Yes I want him. I want him so much right now my body is aching. However I can't bring myself to admit this to him or even myself.

"I need time, I am confused." His face changes his emotions hinting more towards anger than frustration.

"Is this about Gale? Do you want him?" I am shocked at the question but can understand his thinking.

I have no idea what to say. Do I want Gale? I close my eyes and try to picture Gale holding me instead of Peeta. I can't see his face, Peeta is all I see and all I want to see.

"Not like I want you but I can't hurt him. I won't hurt him." I try to read Peeta' s mind, I would give anything to know what he makes of this.

"Katniss do you want to marry me?" his words are slow like he is trying not to startle a wild animal.

"I need to marry you." It was the truth, if I didn't marry Peeta my life would fall apart.

Peeta stands and walks around the room. My eyes follow him trying to figure out what path his thoughts are on. It feels like hours go by before he turns back to me.

"Ok I have an idea." He looks at me trying to decide whether he should continue. "Its simple really, maybe too simple." He pauses again, "honesty."

"I don't get it" I really didn't and if he wanted honesty he was going to get it.

"We are the star crossed lovers from District 12?" he looks at me for an answer.

Confused I answer "Yes"

"No, that's what I mean. It's not real." Peeta was getting excited and I still didn't get it. He could obviously see this on my face so continued to try and explain.

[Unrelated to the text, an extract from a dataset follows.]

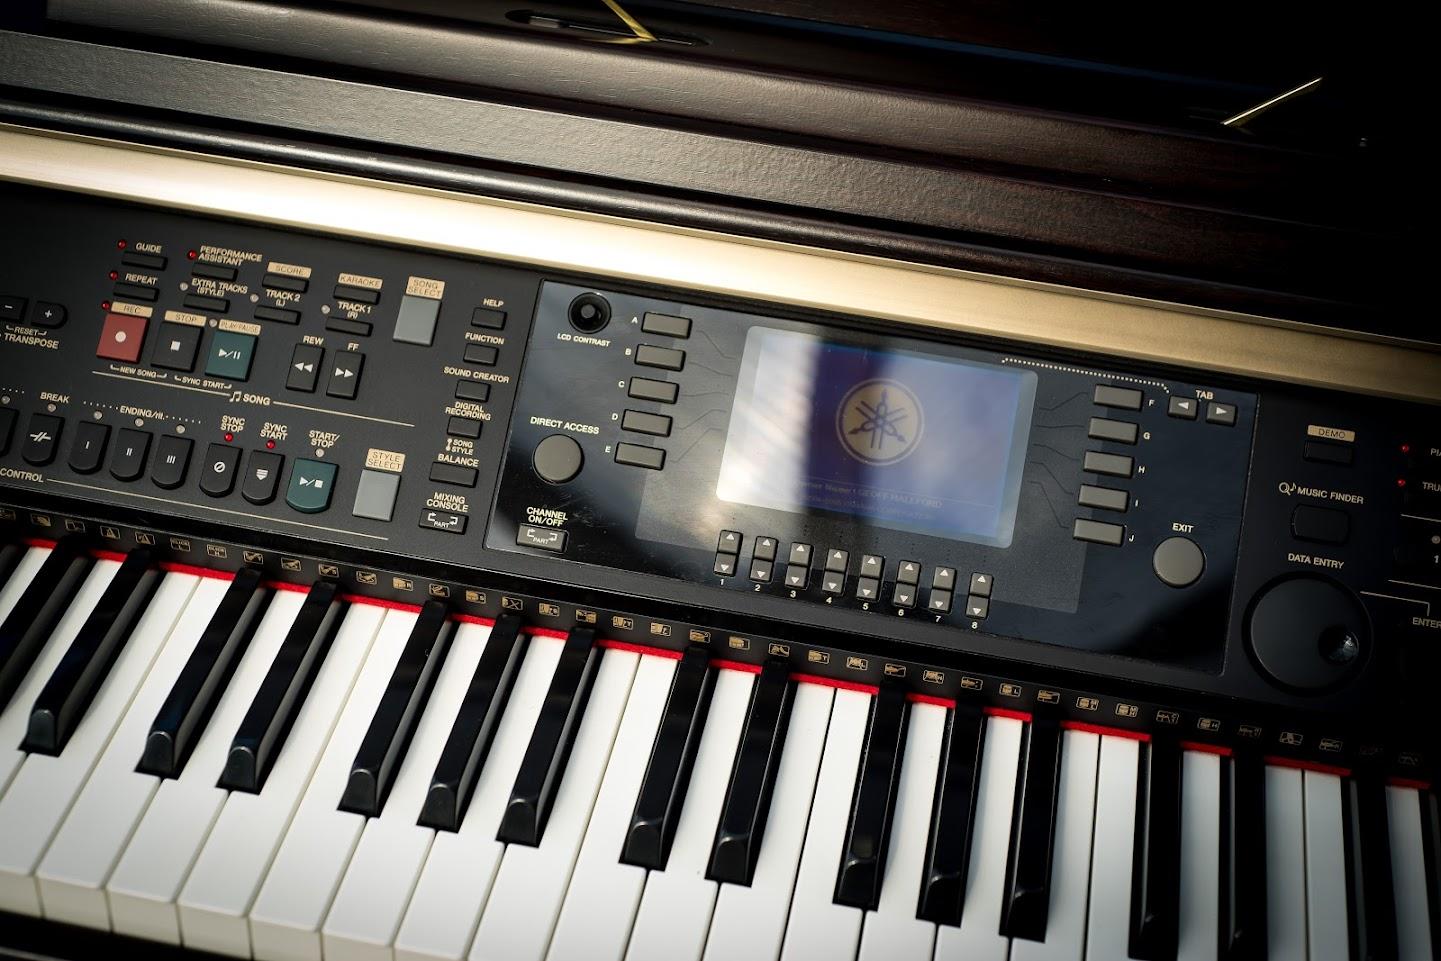 Yamaha clavinova cvp 301 digital full piano 88 key ghe for Yamaha keyboard 88 keys weighted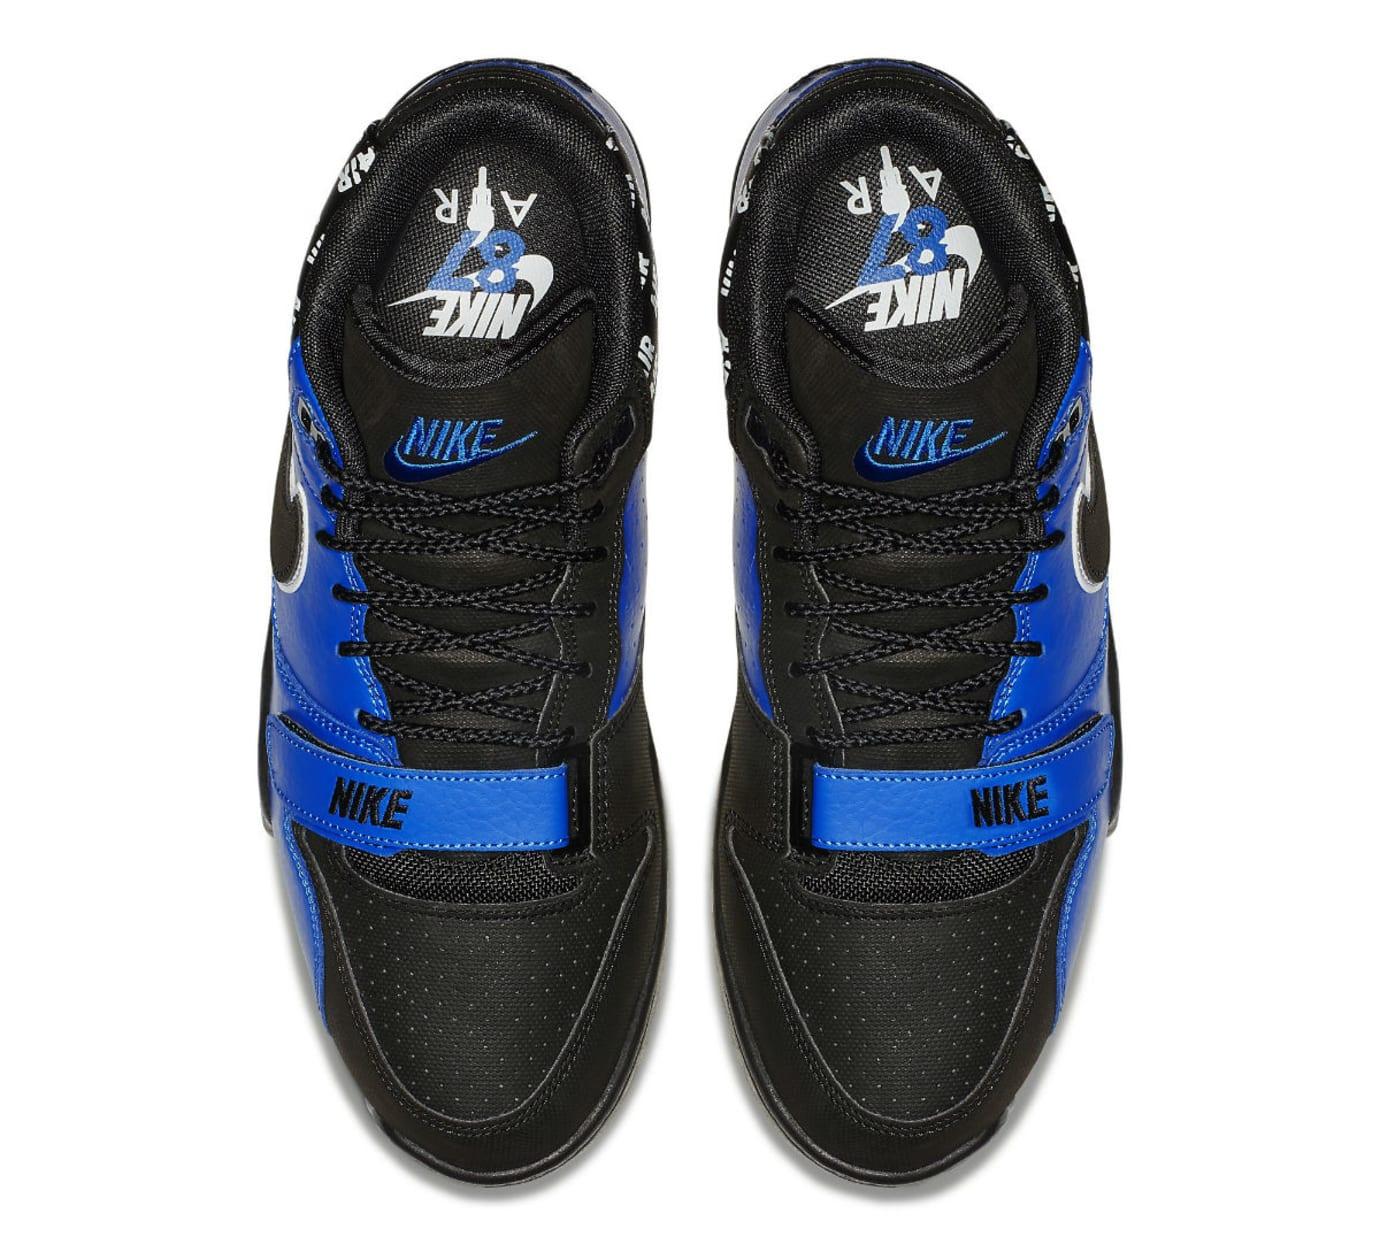 Nike Air Trainer 1 SOA Hyper Cobalt Release Date AQ5099-400 Top

"You enjoyed kissing me tonight. Is that real or not real?"

"Real," I keep my head down, hiding my face as I blush.

Peeta kneels before me tilting my face up to look at him "Honesty remember."

"Real" his eyes light up at my answer. "But what's the point in this?"

"The point is so we can have our own private relationship, just you and me." He is walking around the room again. "Ok our engagement is not real, heck the wedding is not going to be real so whenever something happens that feels too fast or because the Capitol has pushed us to do it, we just ask each other real or not real?"

I must still look confused because he asks me again. "I owe you my life, real or not real?"

"Not real." He looks disappointed so I add "not real, I couldn't have saved you if you hadn't saved me first. I would have starved long before the reaping, Prim too. I owed you my life first."

"You are driving me mad, do you want to do this?" he is already smiling he knows the answer.

"Yes but we take it slow."

Peeta is back to me and places a kiss on my lips. It is a sweet kiss not the lust filled kisses of earlier but still filled with so much emotion.